▸ **WHAT THE EXERCISE ASKS**:
Copy, please, the line with "FITUEYES 3 Piece" and each line that follows it through the end of the data below, exactly as given and without pictures.

━━ INPUT DATA ━━

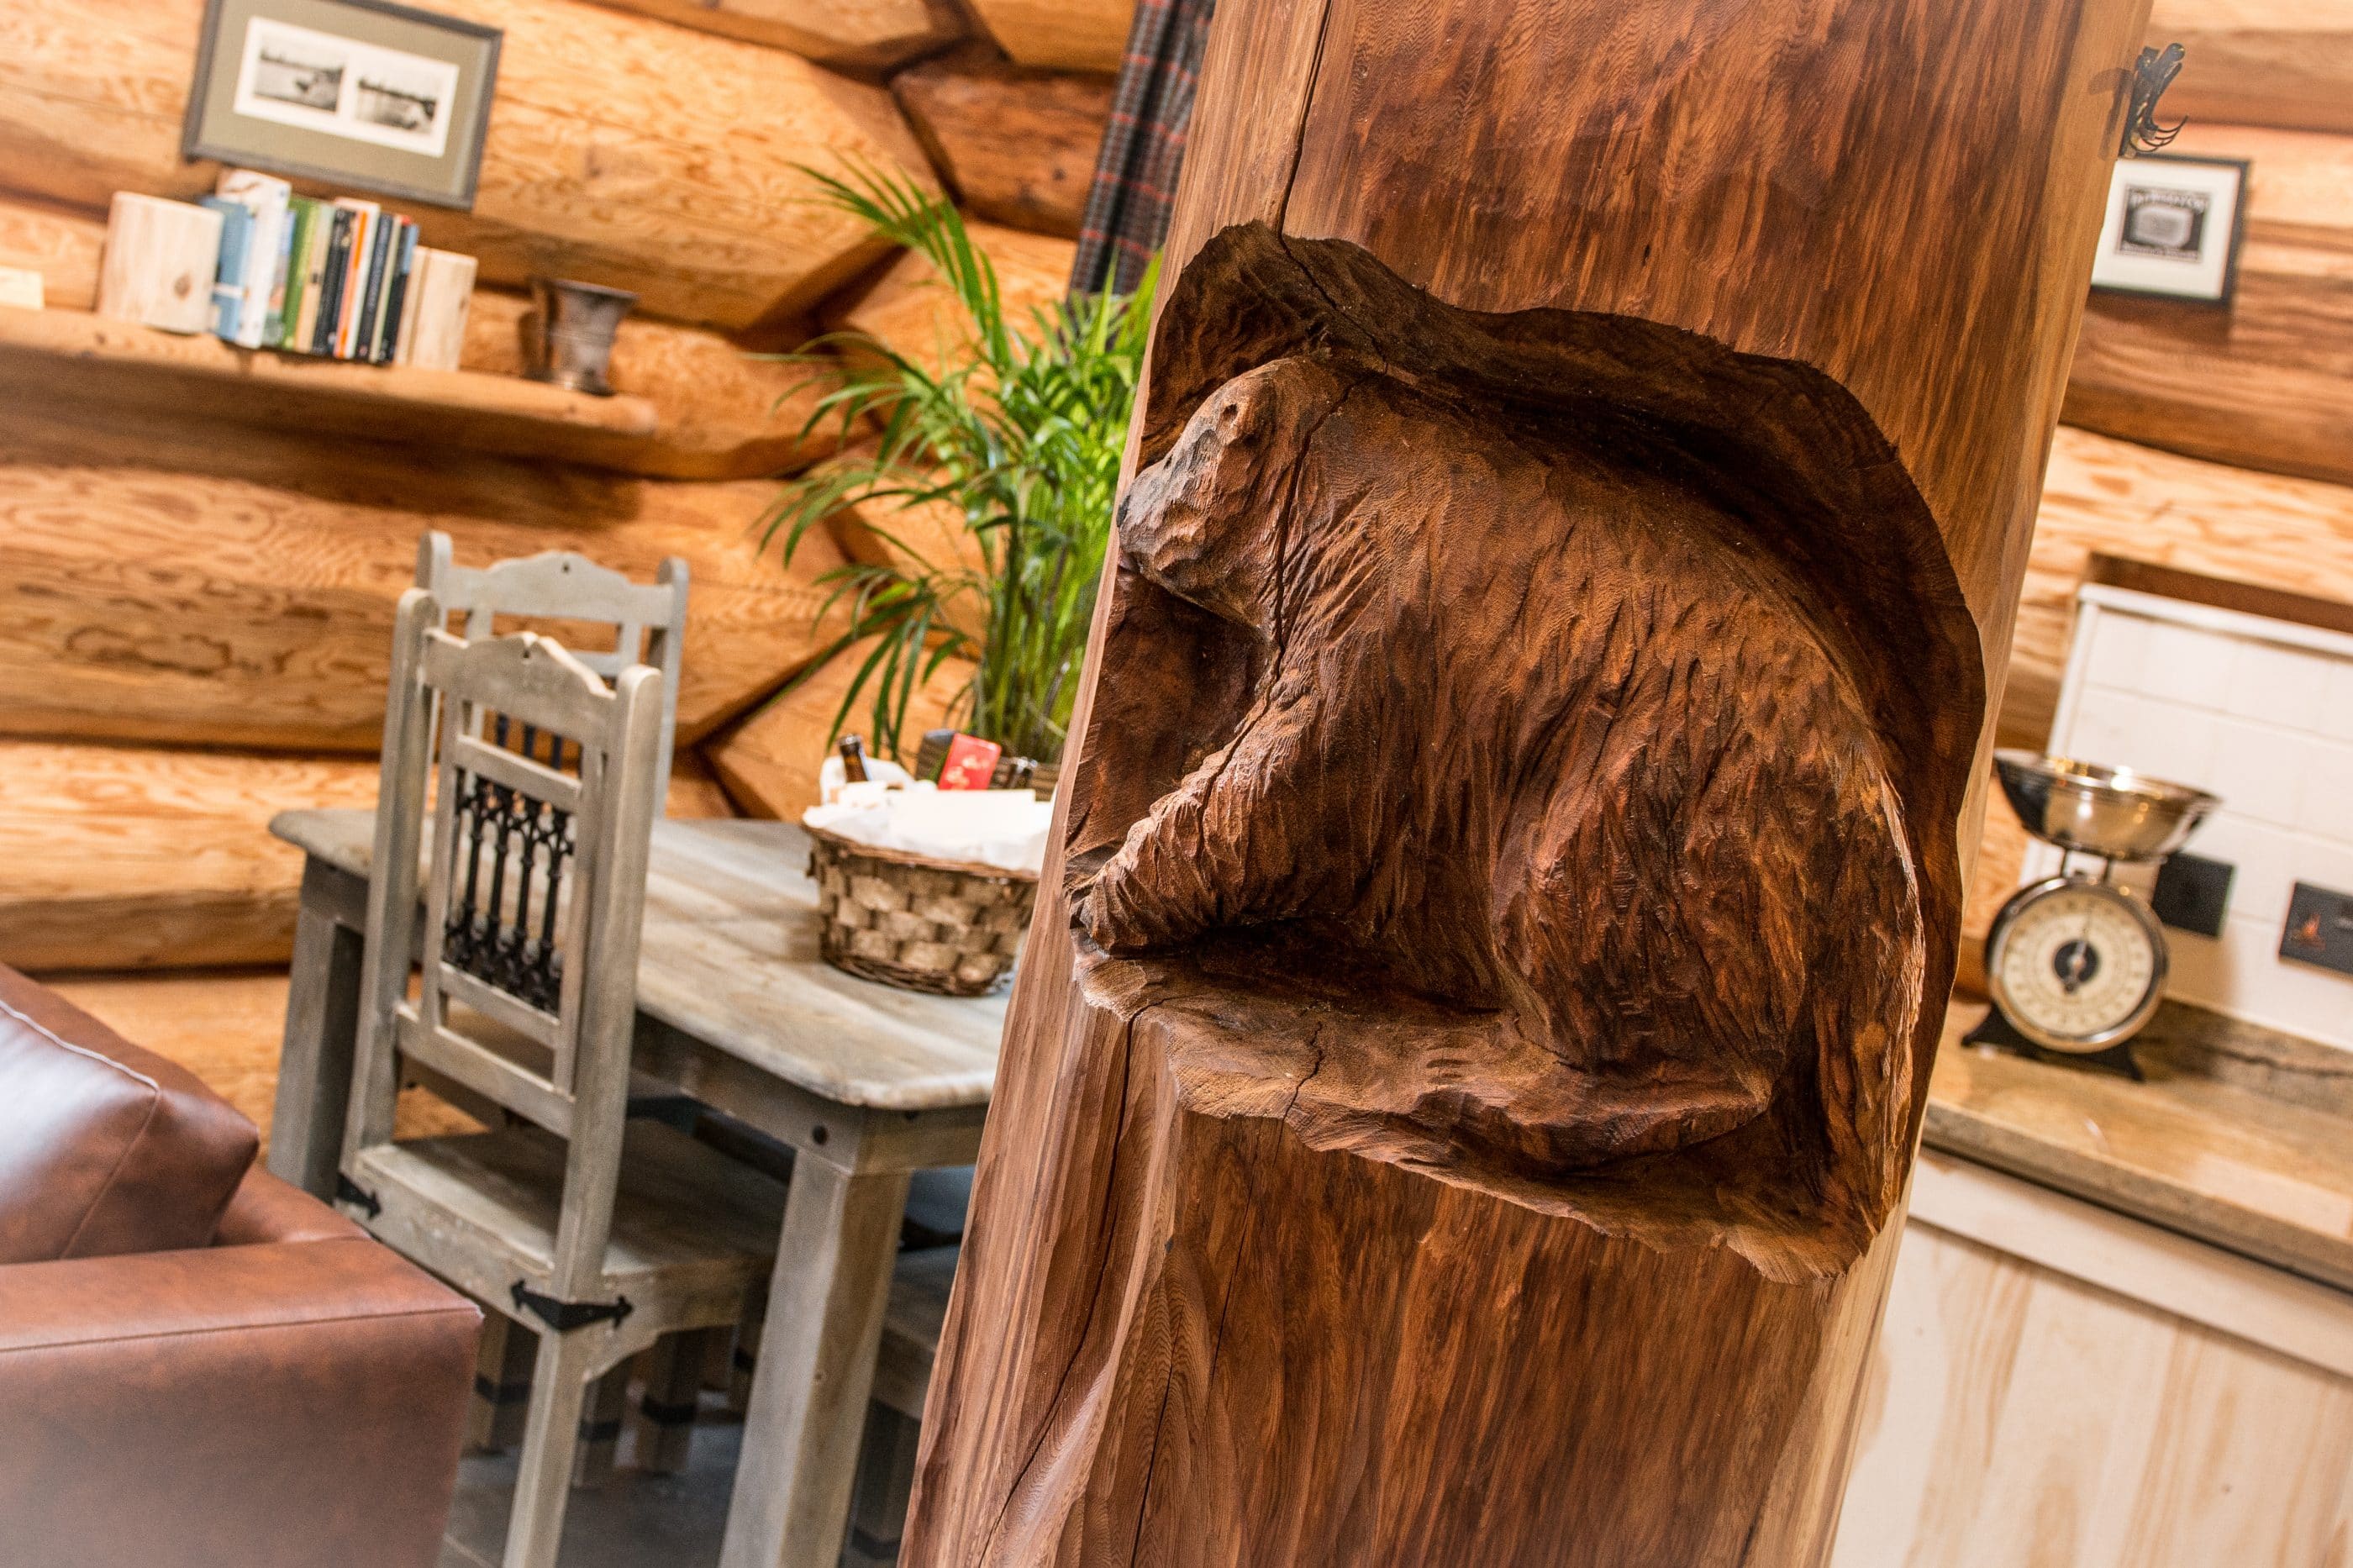 A wood carving of a bear in Tringa log cabin
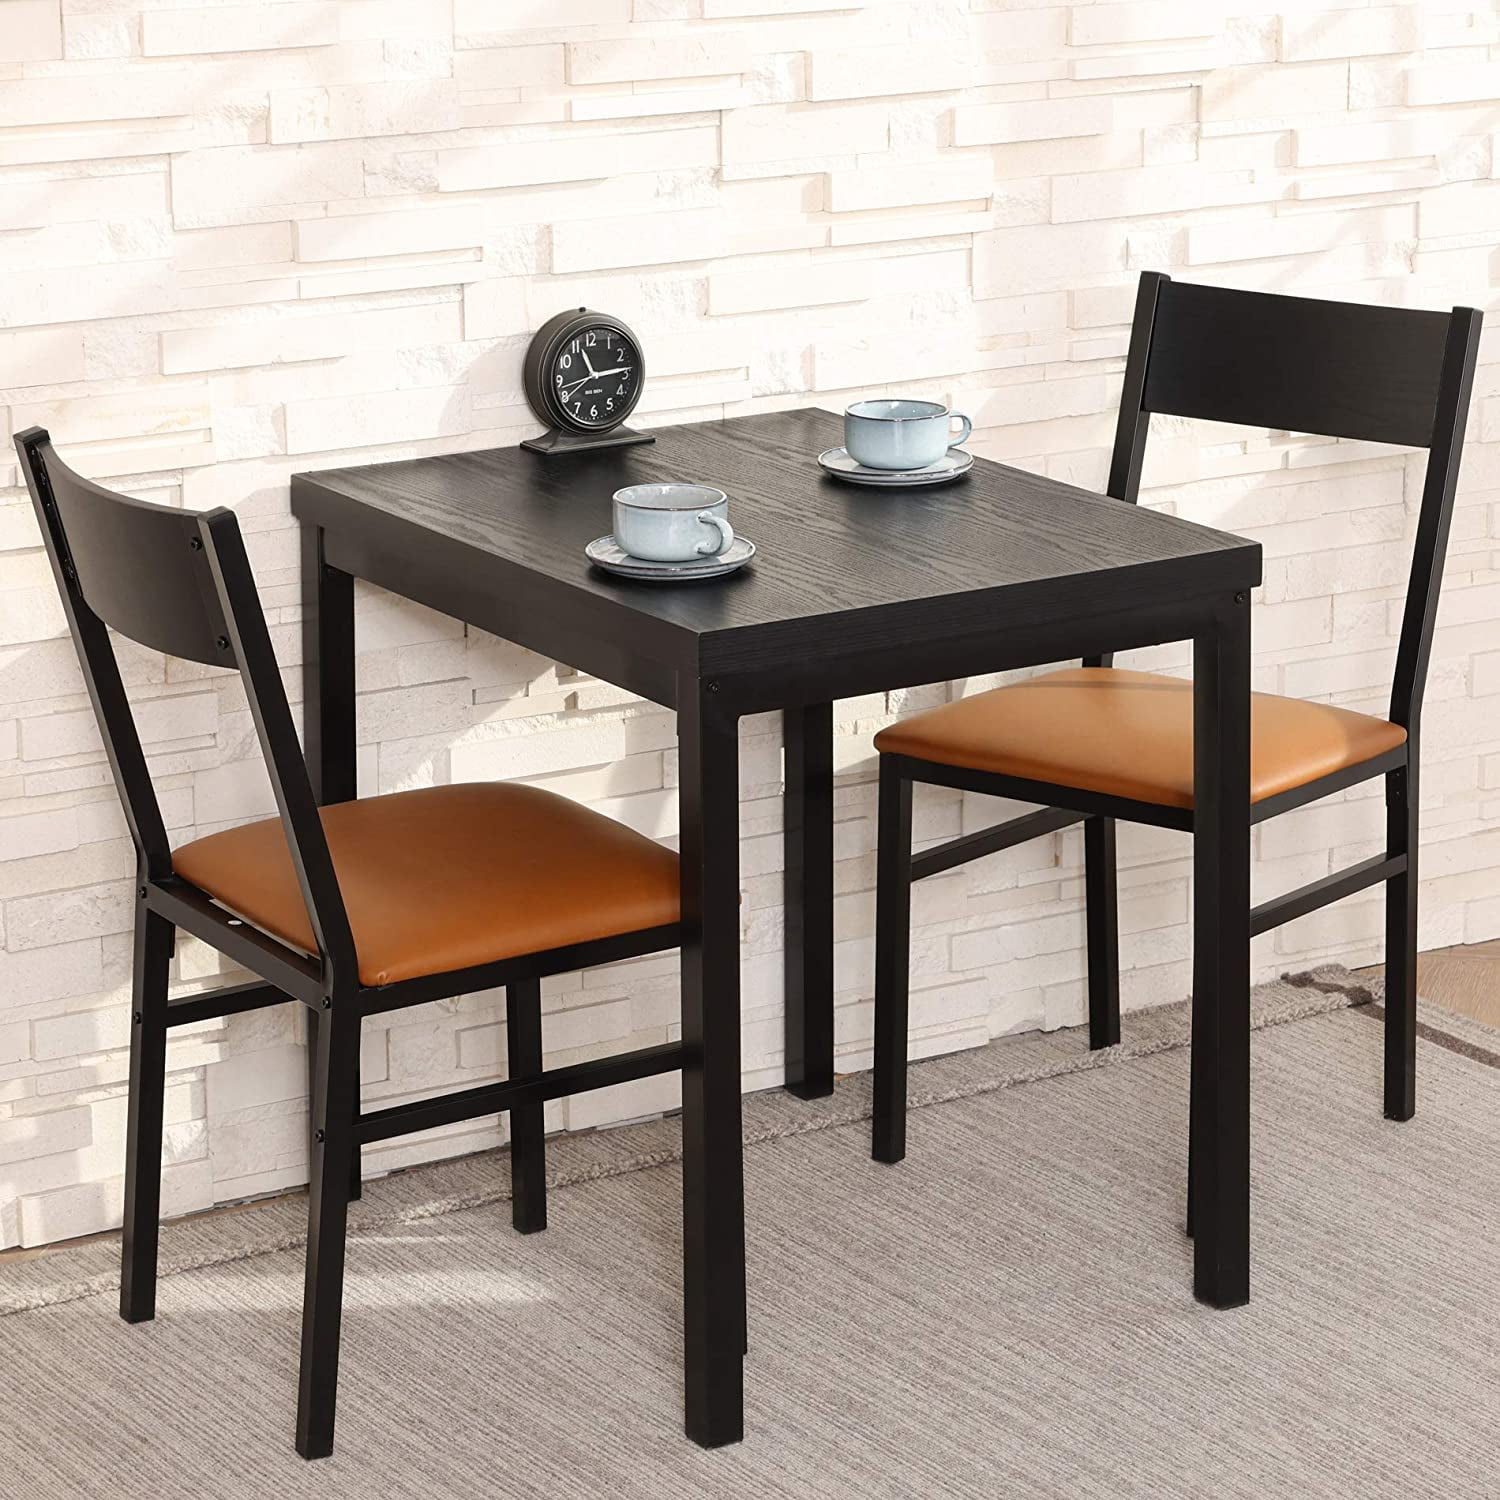 FITUEYES 3 Piece Dining Table Set of 2 with Cushioned Chairs, Black and
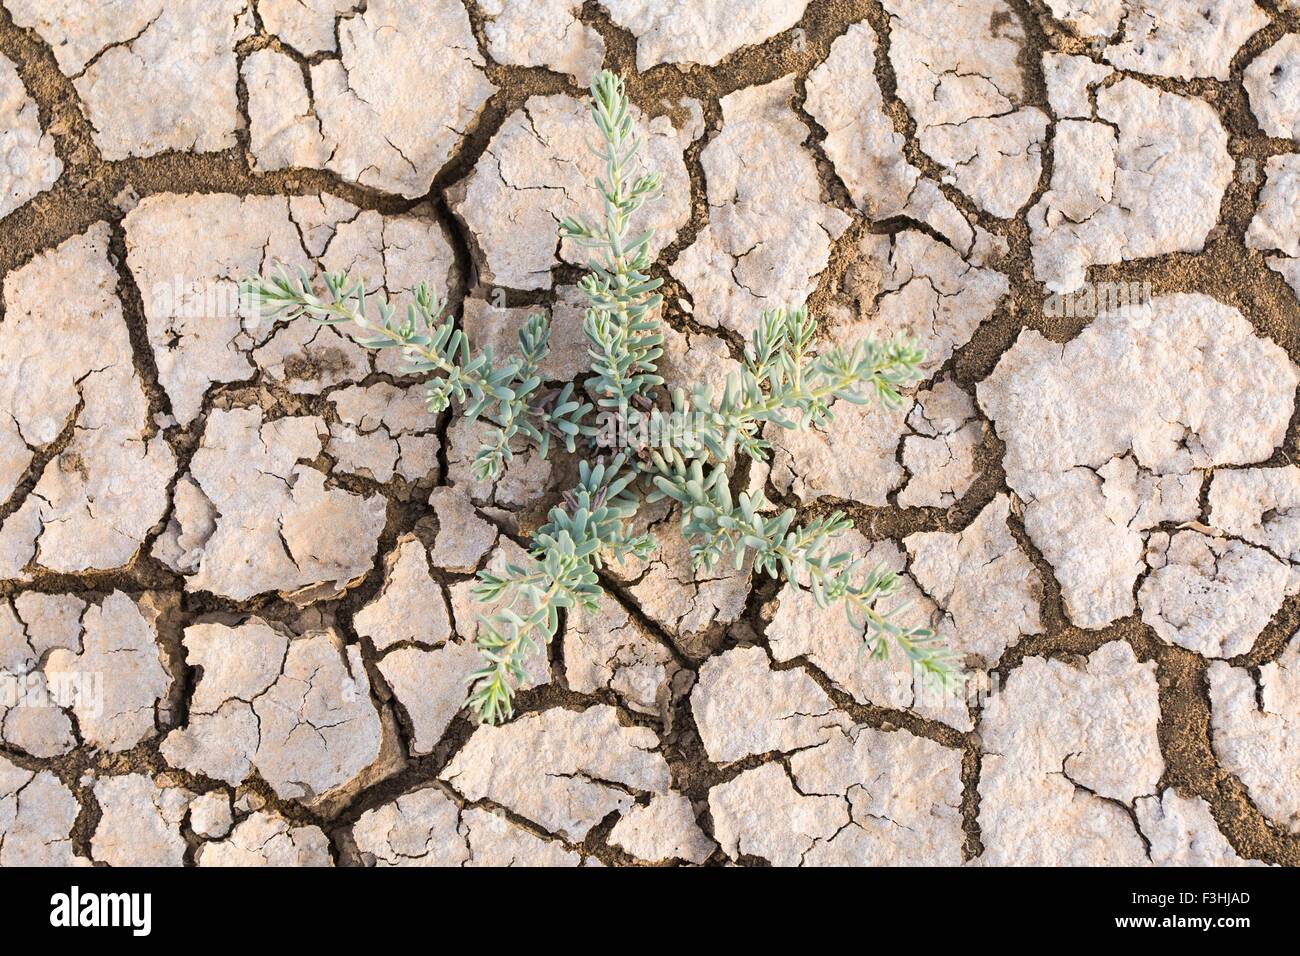 Overhead view of succulent plant and dried cracked mud on floodplain, Djoudj National Park, Senegal Stock Photo

━━━

▸ **TASK ANSWER**:
 FITUEYES 3 Piece Dining Table Set of 2 with Cushioned Chairs, Black and
 Overhead view of succulent plant and dried cracked mud on floodplain, Djoudj National Park, Senegal Stock Photo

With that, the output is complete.